Match operator | 1st ranking | Matched docs | Recall @100 | MRR @100 |
---|---|---|---|---|
ANN(title, bert) | dotProd(title, query, bert) + dotProd(body, query, bert) | 0.0625 | 0.7460 | 0.4622 |
ANN(body, bert) | dotProd(title, query, bert) + dotProd(body, query, bert) | 0.0563 | 0.7180 | 0.4471 |
In addition to matching documents based on the distance between document and query vectors, we also ranked the matched documents using the semantic vectors by having the 1st phase ranking function be the dot-product between query and title plus the dot-product between the query and body. All embedding vectors are normalized to have length (L2-norm) equal to 1.
The results obtained are promising with respect to the relationship between matched documents and recall.
We retrieved only around 6% of the documents which is more than the AND
operator
but much less than the OR
operator while we increased the recall from 48% (obtained with AND
) to 75%,
which is great, although we still have a good way to go to reach 96% (obtained with the OR
).
Since it is often mentioned that semantic search works better when combined with term-matching, it would be wise for us to check the metrics obtained when combining both. But first, let's see some useful features related to term-matching that are available in Vespa.

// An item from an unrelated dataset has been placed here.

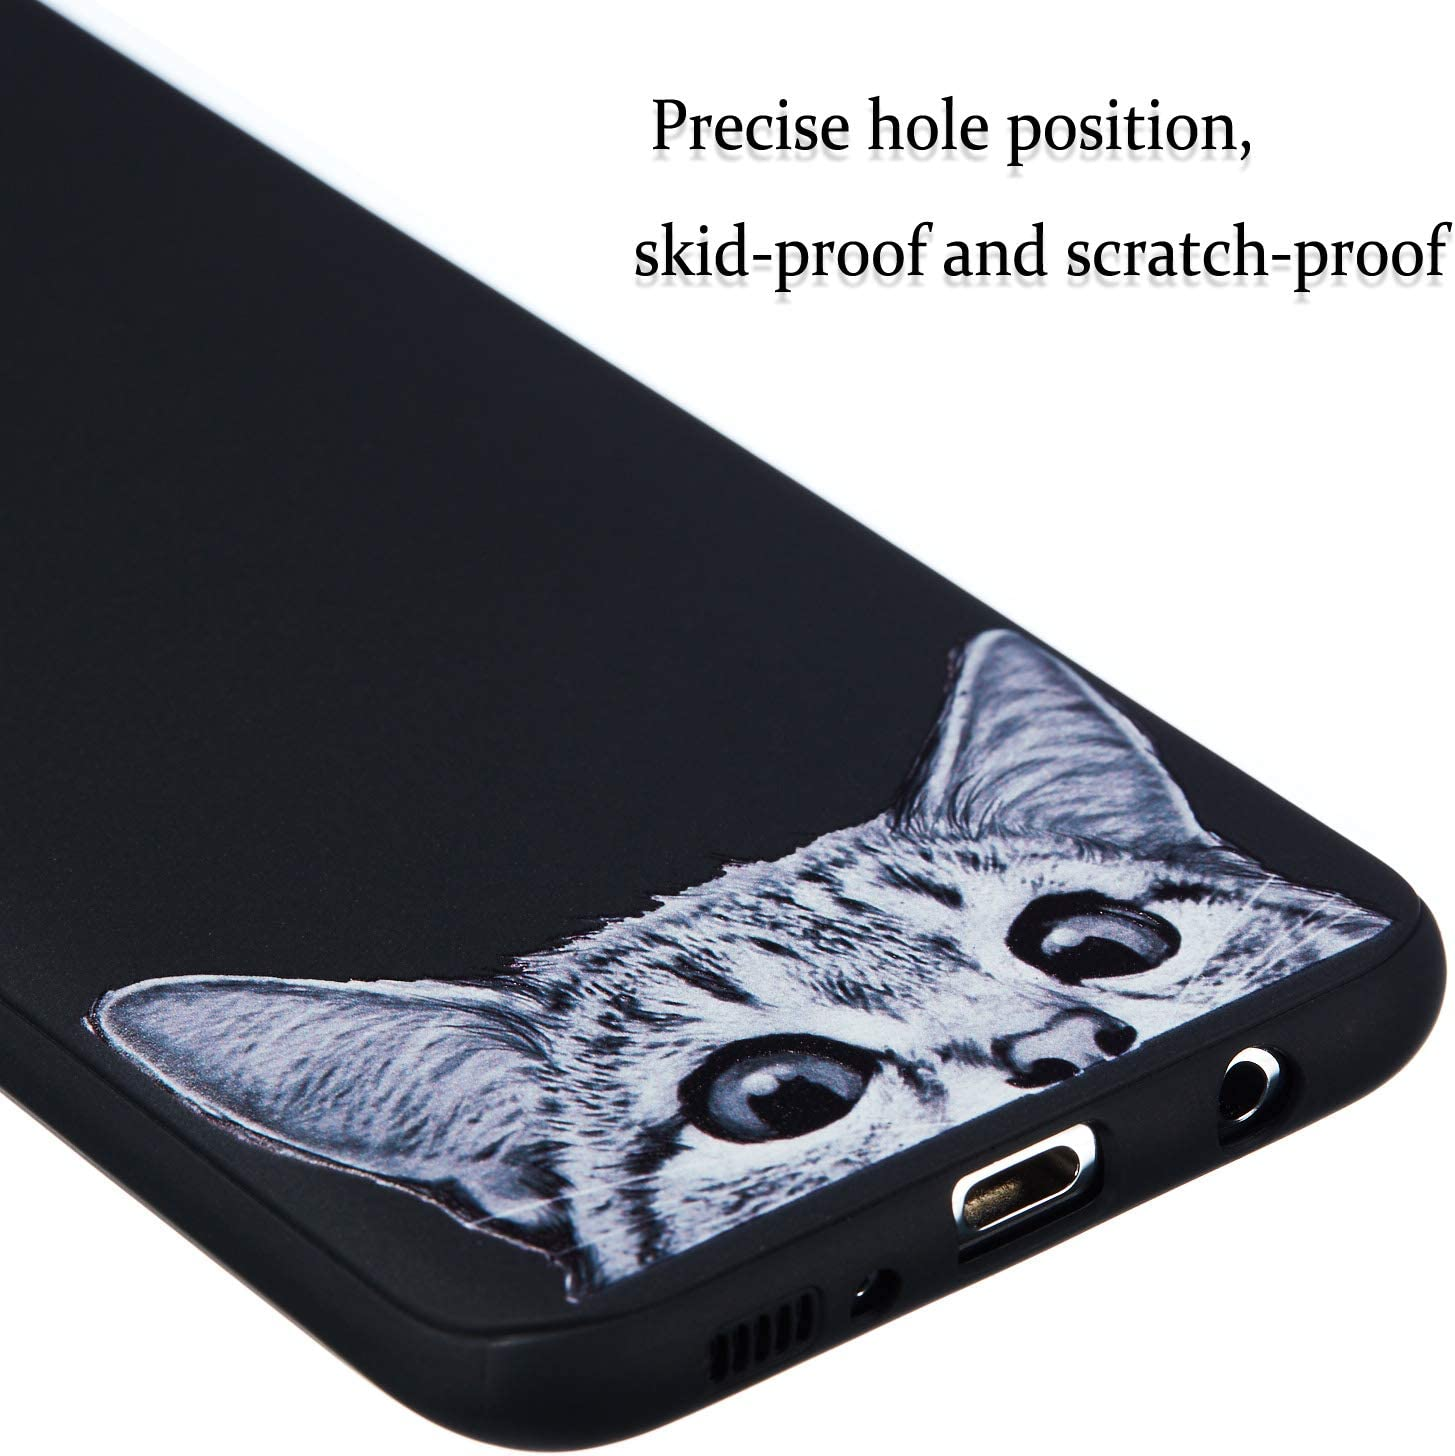 Artfeel Noir Souple Silicone Coque pour Samsung Galaxy S8,Charmant Chat Dessin anim/é Motif Ultra Mince L/éger Arri/ère /Étui,Flexible TPU Pare-Chocs Antichoc Housse

The weakAnd implementation scores documents by a simplified scoring function, which uses two core text rank features term(n).significance and term(n).weight.
Below is a query example that uses the weakAND
operator
with an annotation that sets the target number of documents to be 1.000:
Remember that the default
is the fieldset that includes both the title
and the body
fields.
fieldset default { fields: title, body }
It was surprising to see the effectiveness of the WAND operator in this case:
Match operator | 1st ranking | Matched docs | Recall @100 | MRR @100 |
---|---|---|---|---|
weakAND | BM25 | 0.1282 | 0.9460 | 0.6946 |
It matched much fewer documents than the OR
operator (12.5% versus 85% respectively)
while keeping a similar recall metric (92% versus 96% respectively).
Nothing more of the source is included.